Send back the data below exactly. Drop every picture.

**Source data:**
========================================================================

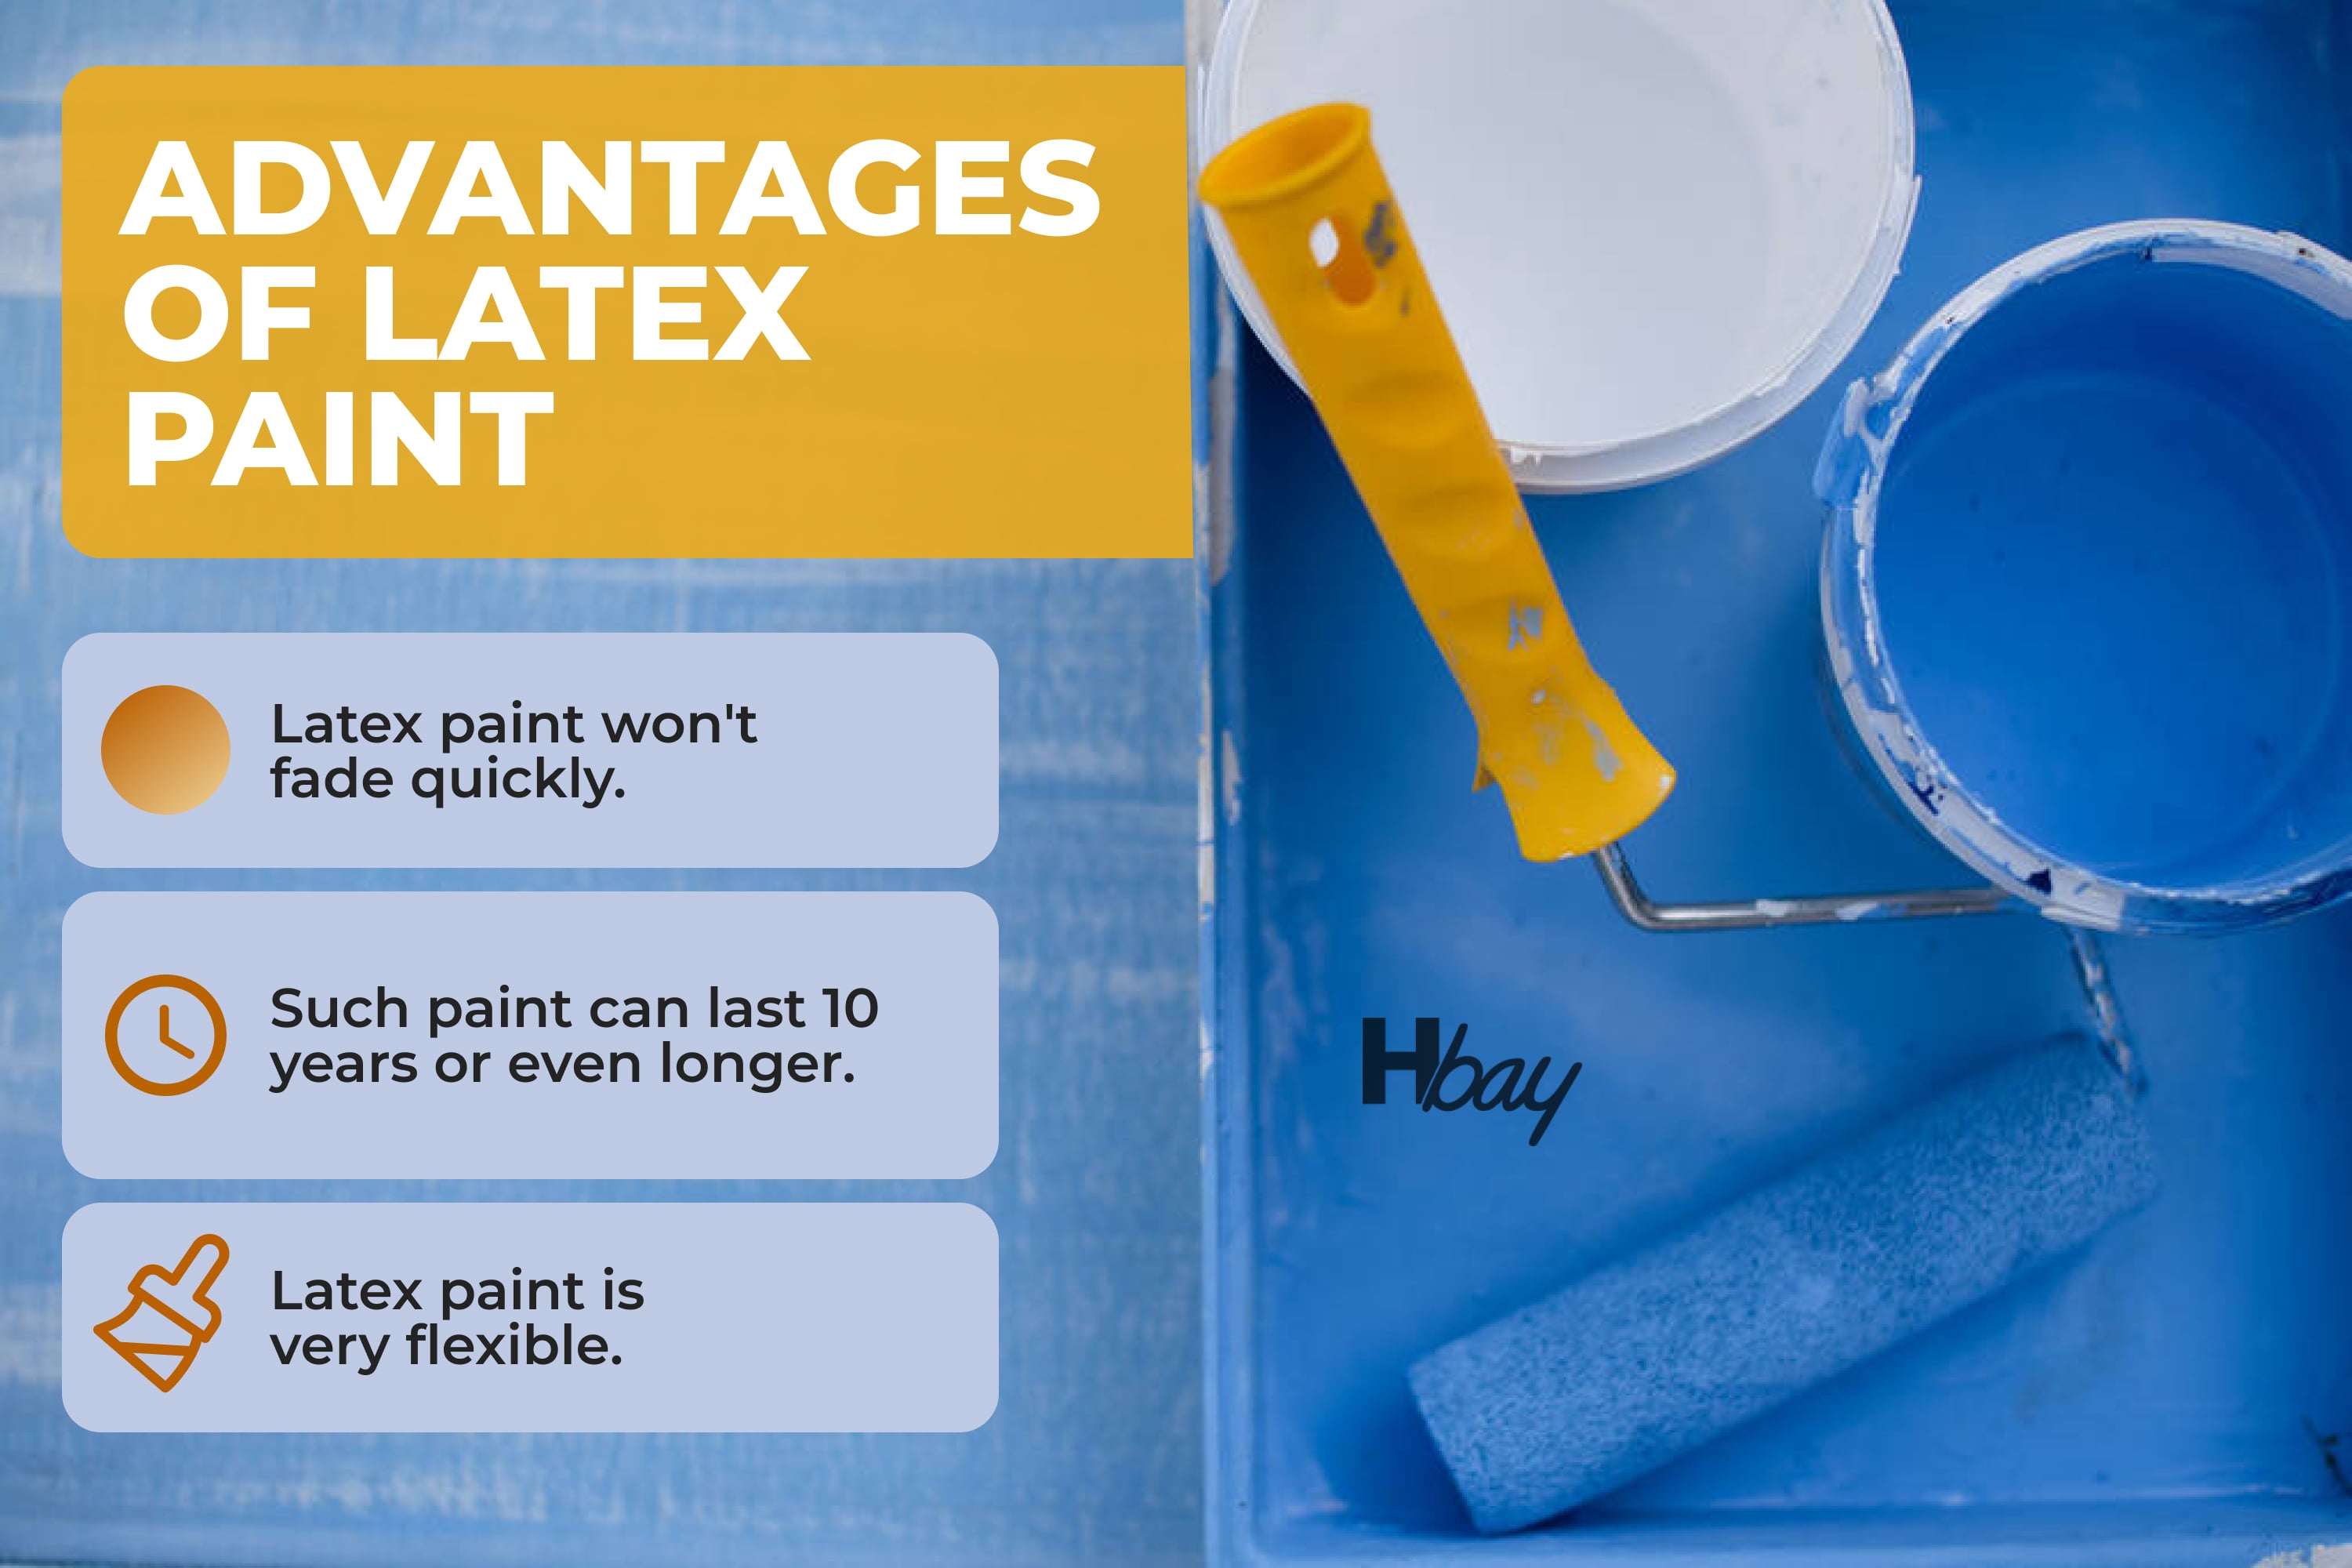 Advantages of latex paint
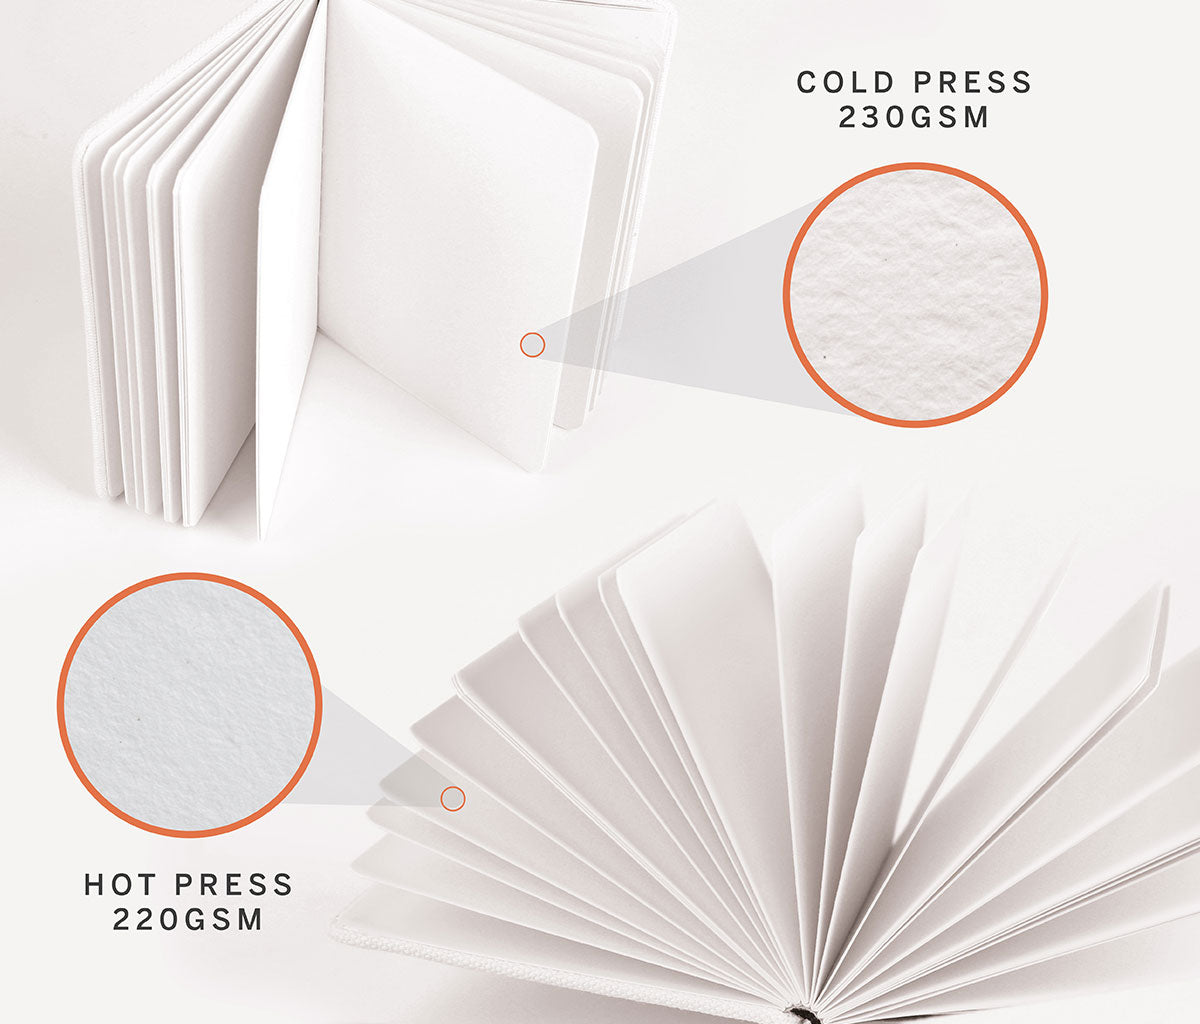 Etchr Mixed Media Hardbound Sketchbook - A5, 5.8 x 8.3 Cold Press, Landscape
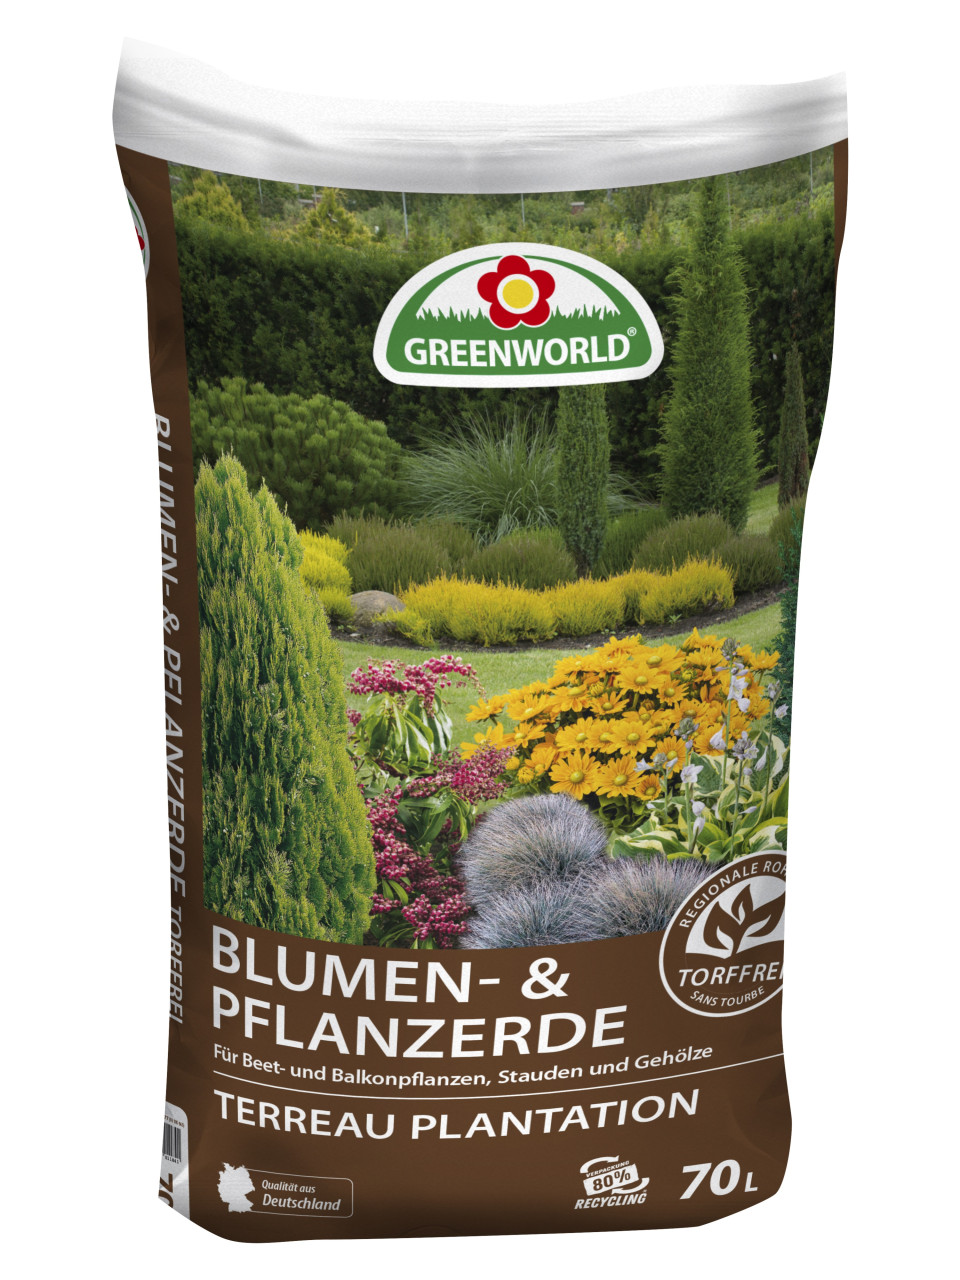 Greenworld Blumen und Pflanzerde torffrei 70 L von Weitere
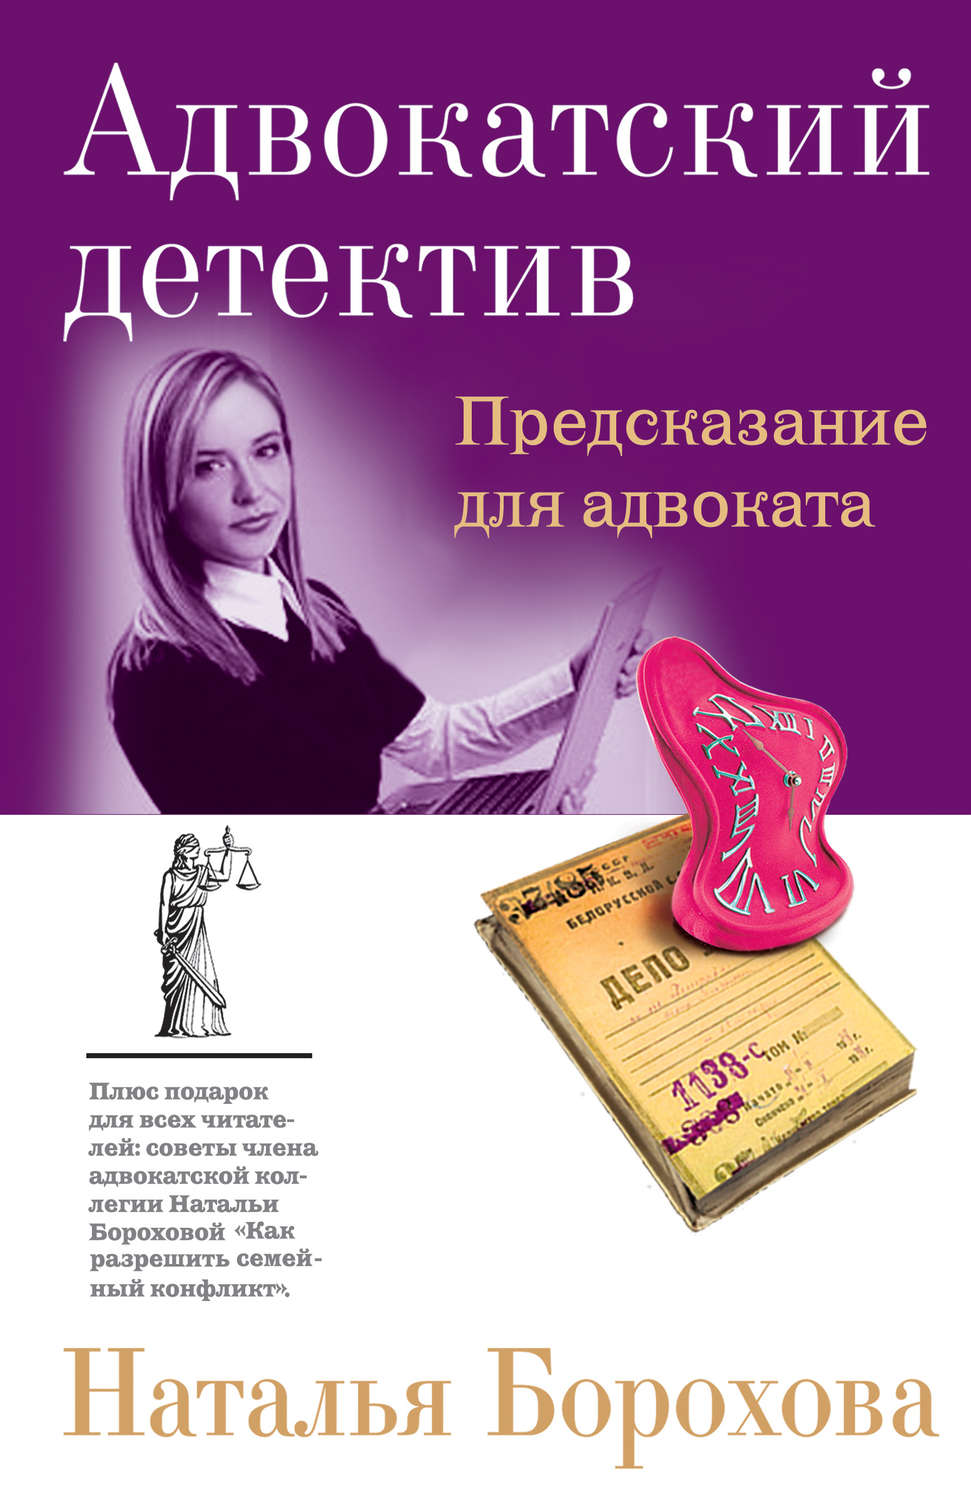 Наталья борохова книги скачать бесплатно

========================================================================

**Your solution:**
 Advantages of latex paint
 Etchr Mixed Media Hardbound Sketchbook - A5, 5.8 x 8.3 Cold Press, Landscape
 Greenworld Blumen und Pflanzerde torffrei 70 L von Weitere
 Наталья борохова книги скачать бесплатно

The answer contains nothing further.